About the Knott Poetry Prize
The Knott Prize is awarded annually to a poet whose writing eschews piety in order to explore alternative responses to the claims of religion, including skepticism; dissent; celebratory humanism; philosophically serious mystery; and celebrations of scientific thinking.
Our prize is named in honor of American poet Bill Knott, who in 2006 published a short essay calling for American poets to look beyond religion and fill what he identified as a gap in American poetry culture:
Why are there no, or almost no, anthologies of contemporary atheist poetry? Why are so few contemporary USA poets writing atheist poetry? Yeats called an old man "a coat upon a stick." Is it too much to hope that I can try to be a coat upon a stick, rather than a cloak upon a cross?
Submission guidelines
Poets are asked to submit between 1 and 6 English-language poems, totaling not more than 300 lines. Poems may be in any form. If previously published, please include a clip or URL. Only U.S. residents are eligible to receive a cash prize. The winning poems will in some way show a commitment to secularism, by making use of skeptical, scientific, or humanistic attitudes, or by addressing these topics explicitly or implicitly.
All submissions will be considered for publication in Clarion. We offer the first-place winner will receive a cash payment of not less than $100, as well as a publishing consultation with the editors of Clarion.
We will be reading submissions for the 2020 award between January 4th-October 31, 2019. If you'd like to be considered, submit your work via our submissions portal, or send it in via hard copy to Clarion, c/o Pen & Anvil Press, 139 Mt. Vernon Street, Fitchburg MA 01420. Please submit your $7 entry fee via Submittable or by check payable to Pen & Anvil.
We will be announcing the winner of the 2020 award in the first quarter of 2020.
Please note that staff members, past or present, of Clarion or Pen & Anvil are not eligible to participate in this competition.
Background
Bill Knott (17 February 1940 - 12 March 2014) was born in Carson City, Michigan.
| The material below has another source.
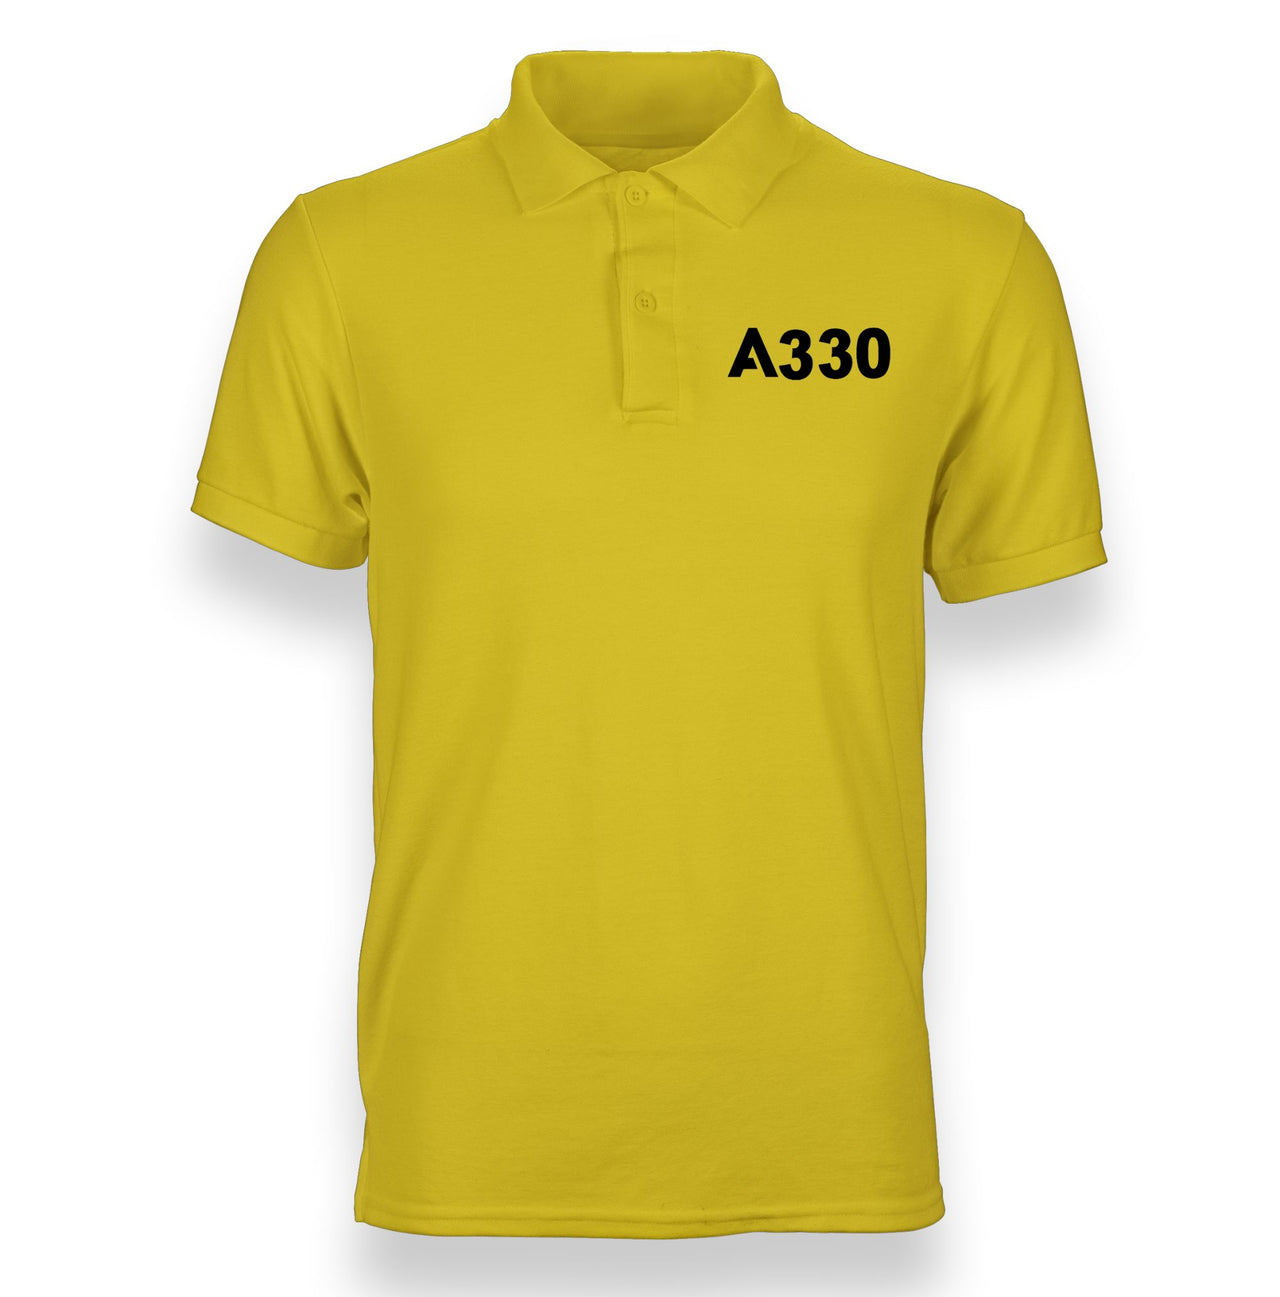 A330 Flat Text Designed "WOMEN" Polo T-Shirts

Knott was for many years an associate professor at Emerson College in Boston. Known widely in the world of American poetry as a gadfly and self-labeled outsider or "minor" poet, Knott self-published his own poetry collections, numbering in the dozens, making them available for free online or through print-on-demand vendors. He first received recognition with The Naomi Poems published in 1968 under the name Saint Geraud.
Starting in 2006 or so, Knott began circulating a call for submissions for poems of a specifically non-religious nature. He gathered and published such poems on his blogs, and even awarded cash prizes to poets whose work he judged to be especially examples of atheistic poetry. In different interviews and blog post essays, he called for...
- ... poetry which explores the odd angles of existence without conjuring spirits to inhabit every corner;
- ... poetry which performs the function of witness and questions those matters of ultimate concerns;
- ... poetry that steadfastly refuses to stumble into hazy spiritual literalism;
- ... poetry which succumbs to the revolutionary temptation without also giving itself over to the religious temptation;
- ... poetry which is not dishonest, or deluded, and does not depend upon confusion or delusion to obtain its effects;
- ... poetry which speaks to the quest that is psychological, mental, existential, ethical, and aesthetical, allotting nothing to the superfluous category of "spirituality";
- ... poetry which keeps faith with the aim of Gottfried Benn to write "the absolute poem, the poem without faith; the poem without hope, the poem addressed to no one, the poem made of words which you assemble in a fascinating way";
- ... poetry which takes its share of ownership in the literary tradition, making use of those traditional interactions and confrontations between human and deity native to religious poetry—its rich repertoire of associations and subject matter, its extravagant solidities—without participating in the epistemic claims of religion;
- ... poetry which somehow brings the old ciphers if not back to life, at least back to line;
- ... poetry unafraid to say aloud that the "spirituality" of recent U.S. writing seems suspiciously opportunistic and obsequious given the current political climate;
- ... poetry for the philosophical freethinker, and the political radical, and the everyman reader;
- ... poetry which manifests sincerity and commitment to the world around us as against the imagined worlds of spiritual longing;
- ... poetry which resists (protests against) the "maundering piffle" and "pietistic pap" of normative religiosity, its pretension and clichés, its speciously abstract mea culpas;
- ... poetry which articulates and defends the secular, skeptical, scientific experience of awe and wonder.
- ... a new wisdom literature which upholds mystery without being superstitious.